The value of the session variable is stored in a text file on the server machine after the internal serialization of PHP, and the client's variable name is PHPSESSID by default for the coolie of the corresponding interaction.
That is, the server automatically sends an HTTP header: header (' Set-cookie:session_name () =session_id (); path=/');
namely Setcookie (Session_name (), session_id ());
When a new page jumps from the page and calls Session_Start (), PHP checks the session data for the server-side storage associated with the given ID, and creates a new dataset if it is not found.

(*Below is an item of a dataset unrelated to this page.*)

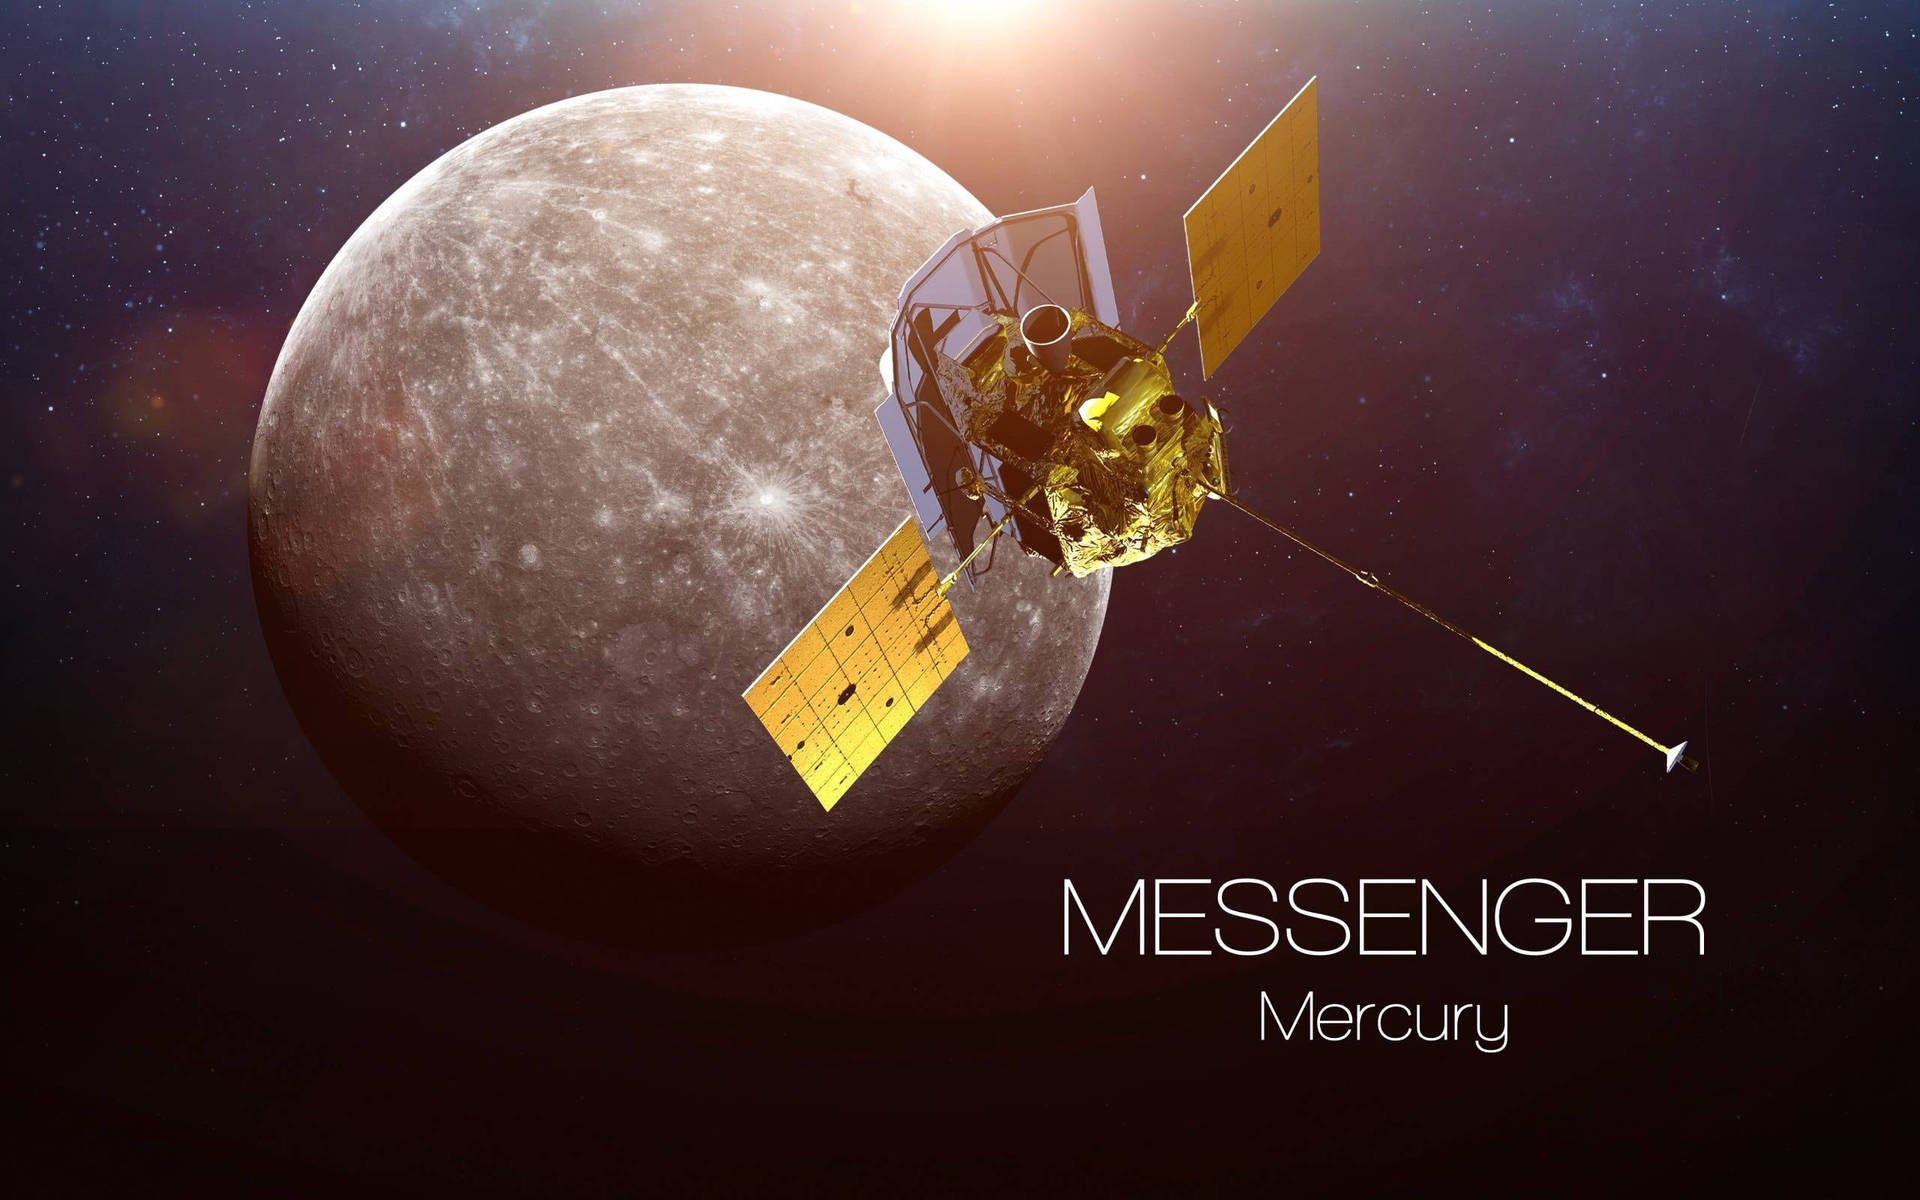 Messenger Satellite Mercury Wallpaper

2.1.2 Sending session ID via URL
This method is only used when the user prohibits the use of cookies, as browser cookies are already common and are not available for security purposes.
<a href= "p.php?<?php print session_name () >=<?php print session_id ()?>" &GT;XXX&LT;/A&GT; You can also pass the session value via post.

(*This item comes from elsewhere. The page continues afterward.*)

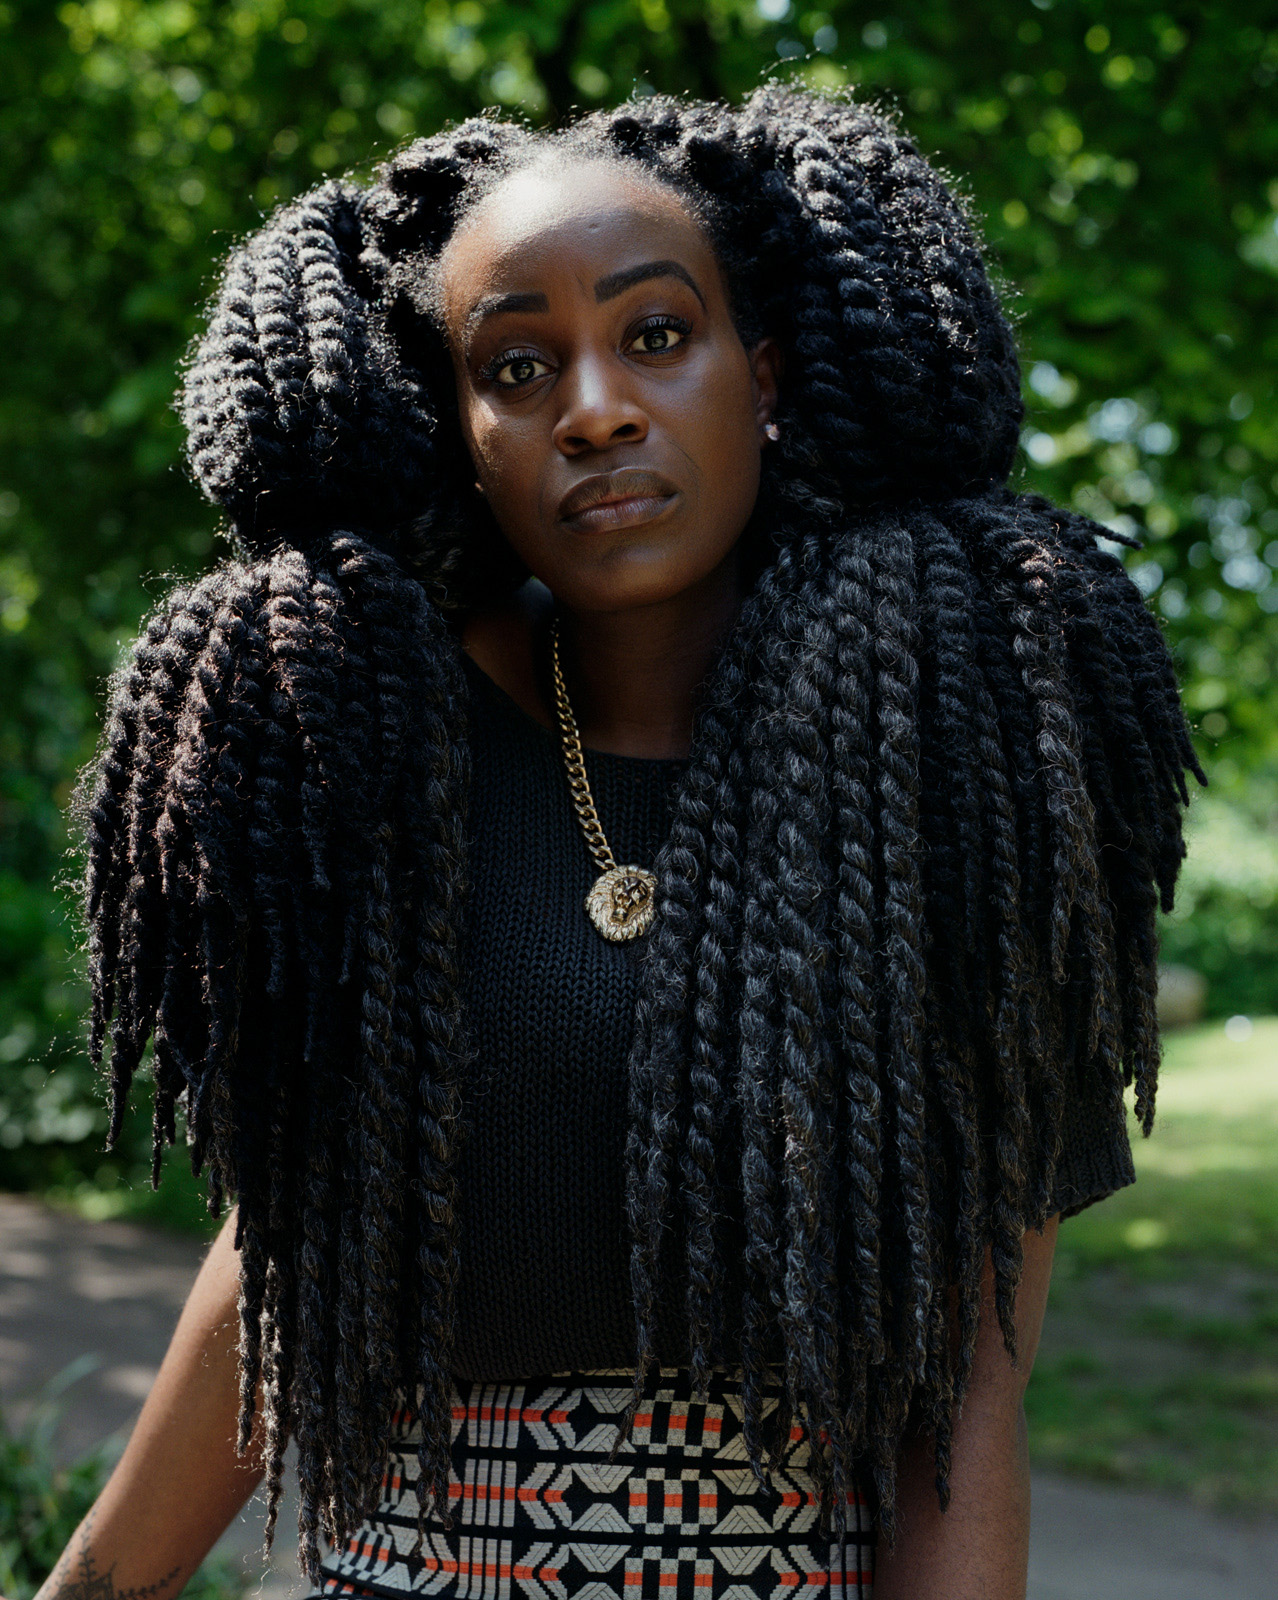 Ruby, Beautiful black woman with oversized jumbo braids, street photography.

2.2 Session Basic Usage example

<?php
page1.php
Session_Start ();
Echo ' Welcome to page #1 ';
/* Create session variable and assign value to session variable */
$_session[' favcolor '] = ' green ';
$_session[' animal ' = ' cat ';
$_session[' time ' = time ();

If the client uses cookies, it can pass the session directly to page2.php
Echo ' <br/><a href= "page2.php" >page 2</a> ';

If the client disables cookies
Echo ' <br/><a href= ' page2.php? '. Sid. ' >page 2</a> ';
/*
By default php5.2.1, the SID will have a value only if the cookie is written, if the session
The corresponding cookie already exists, then the SID will be (undefined) null
*/
?>

<?php
page2.php
Session_Start ();
Print $_session[' animal ']; Print out a single session
Var_dump ($_session); Print out the session value passed by page1.php.
?>


2.3 Use the Session function to control page caching.
In many cases, we want to determine whether our web page is cached on the client, or to set the cache's effective time, such as some sensitive content on our web page and to log in to view, if cached locally, you can directly open the local cache can not log in and browse to the Web.

Use Session_cache_limiter (' private '); You can control the page client cache and must be called before Session_Start ().
For more parameters see http://blog.chinaunix.net/u/27731/showart.php?id=258087 client cache control.

Controls the client cache time with session_cache_expire (int), unit (s), and is also called before Session_Start ().

This is just a way to control the cache using the session, and we can also control the cache of the control page in the header ().

2.4 Delete Session

Be implemented in three steps.
<?php
Session_destroy (); The first step: Delete the server-side session file, which uses
Setcookie (Session_name (), ", Time ()-3600); Step two: Delete the actual session:
$_session = Array (); Step three: Delete the $_session global variable array
?>

The use of 2.5 session in PHP large Web applications

For sites with large access, the default session storage method is not suitable, the current optimal method is to use the database access session. At this point, the function bool Session_set_save_handler (callback open, callback Close, callback read, callback write, callback destroy, callback GC) are the solutions that are provided to us to solve this problem.
The 6 functions used by the function are as follows:

1. bool Open () is used to open the session storage mechanism,

2. BOOL Close () closes the session store operation.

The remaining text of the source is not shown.